YOUR GOAL> Images should be omitted while the rest of the data is duplicated exactly.

INFORMATION SHOWN>
* * *
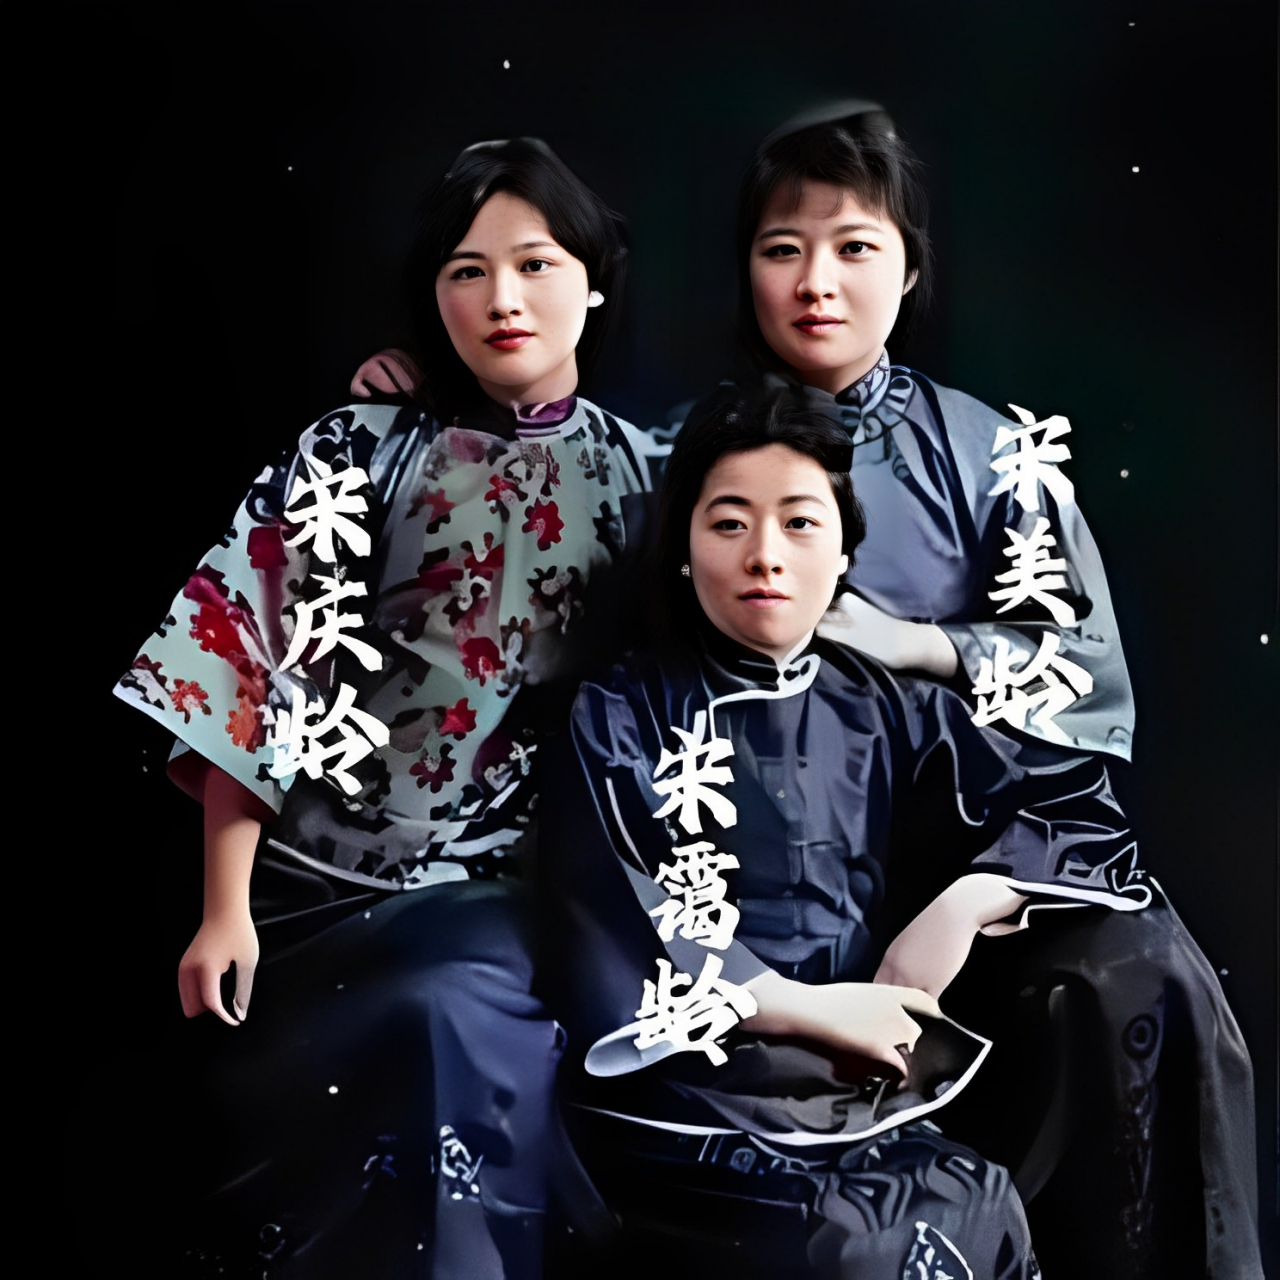 宋家三姐妹的珍贵合影,三位姐妹紧密地坐在一起,展现出深厚的感情
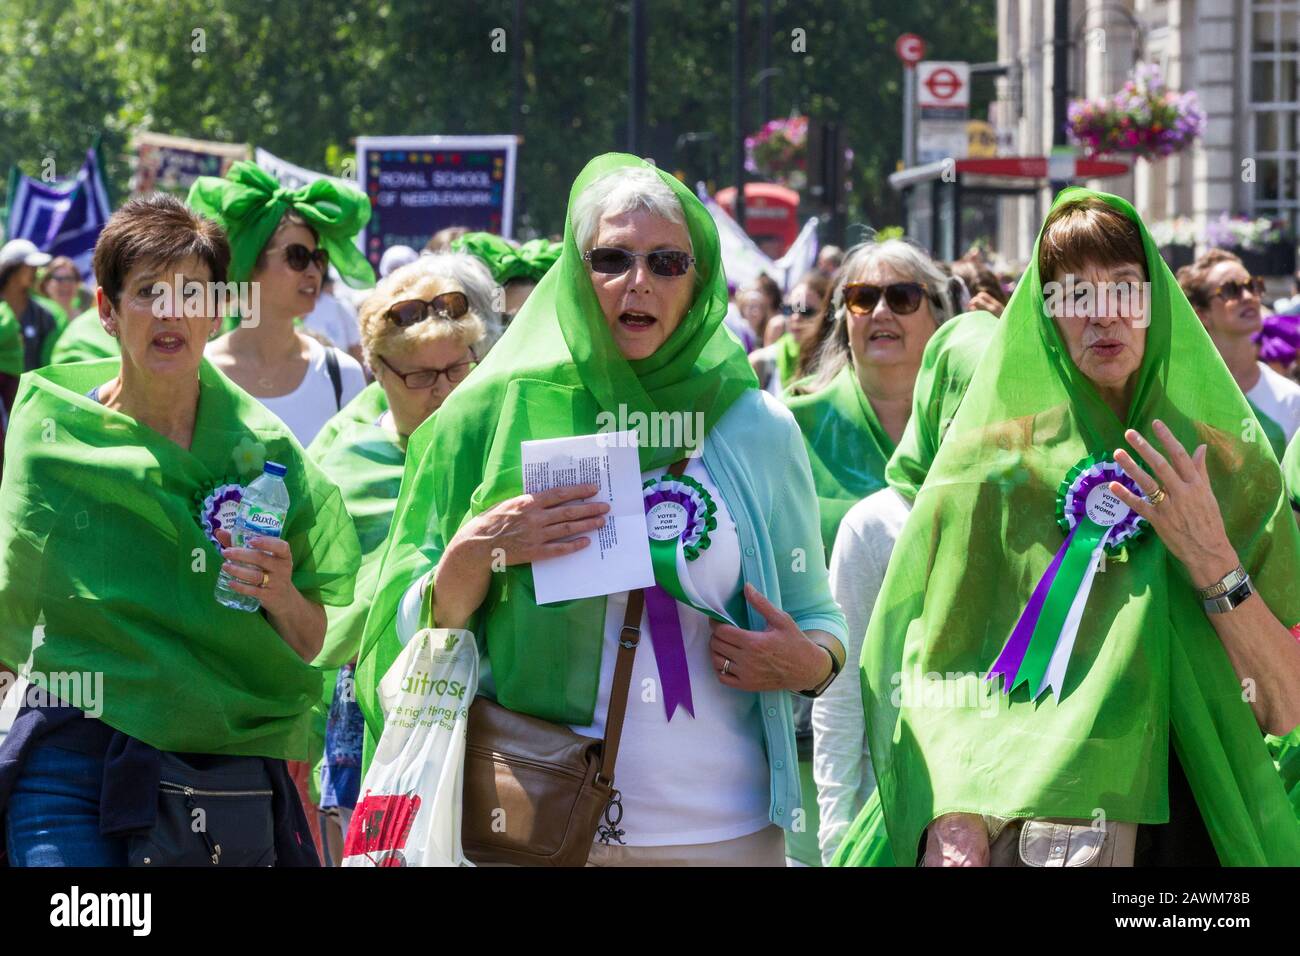 La messa di marzo segna 100 anni di voti delle donne, Central London, UK 10 giugno 2018. Insieme donne provenienti dal Regno Unito hanno marciato le strade per creare un'opera d'arte vivente, producendo un mare di verde, bianco e viola - i colori del movimento delle suffragette. Foto Stock
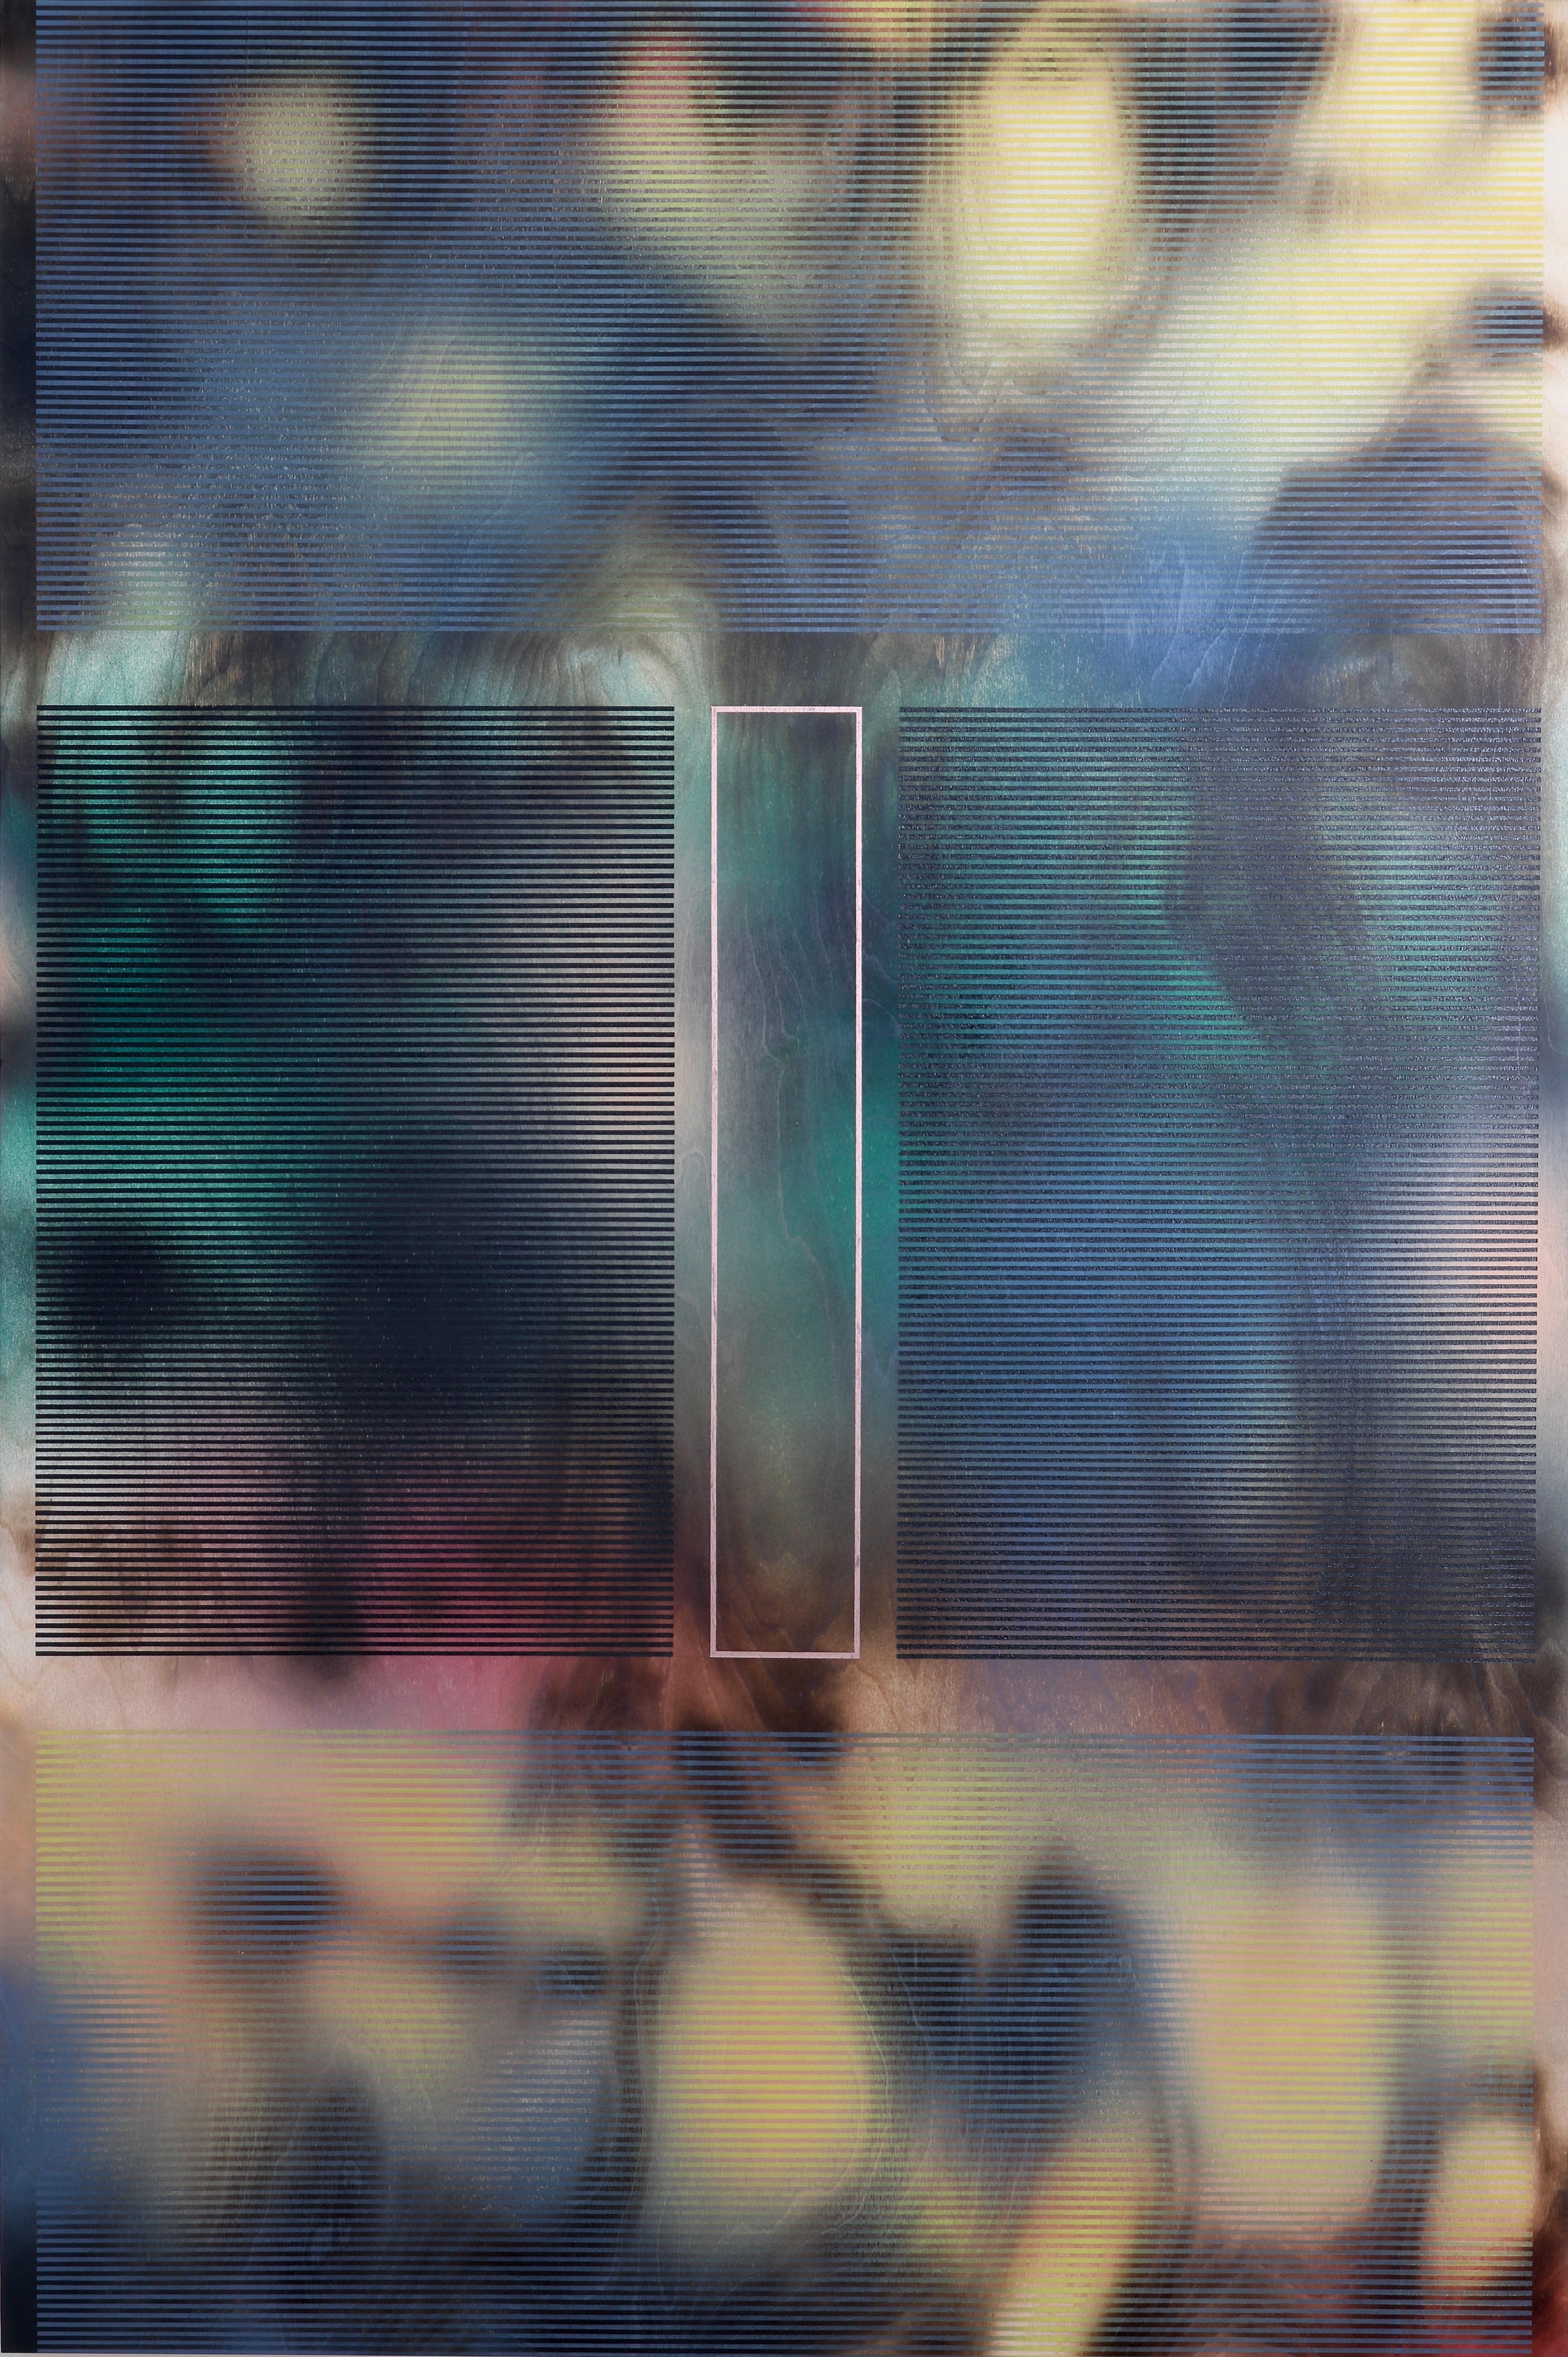 Abstract Painting Melisa Taylor Metzger - d'Ombr 3 (peinture à grille géométrique abstraite, motifs gris optique, jaune, vert)
* * *
ANSWER FOR THIS EXERCISE>
 宋家三姐妹的珍贵合影,三位姐妹紧密地坐在一起,展现出深厚的感情
 La messa di marzo segna 100 anni di voti delle donne, Central London, UK 10 giugno 2018. Insieme donne provenienti dal Regno Unito hanno marciato le strade per creare un'opera d'arte vivente, producendo un mare di verde, bianco e viola - i colori del movimento delle suffragette. Foto Stock
 Abstract Painting Melisa Taylor Metzger - d'Ombr 3 (peinture à grille géométrique abstraite, motifs gris optique, jaune, vert)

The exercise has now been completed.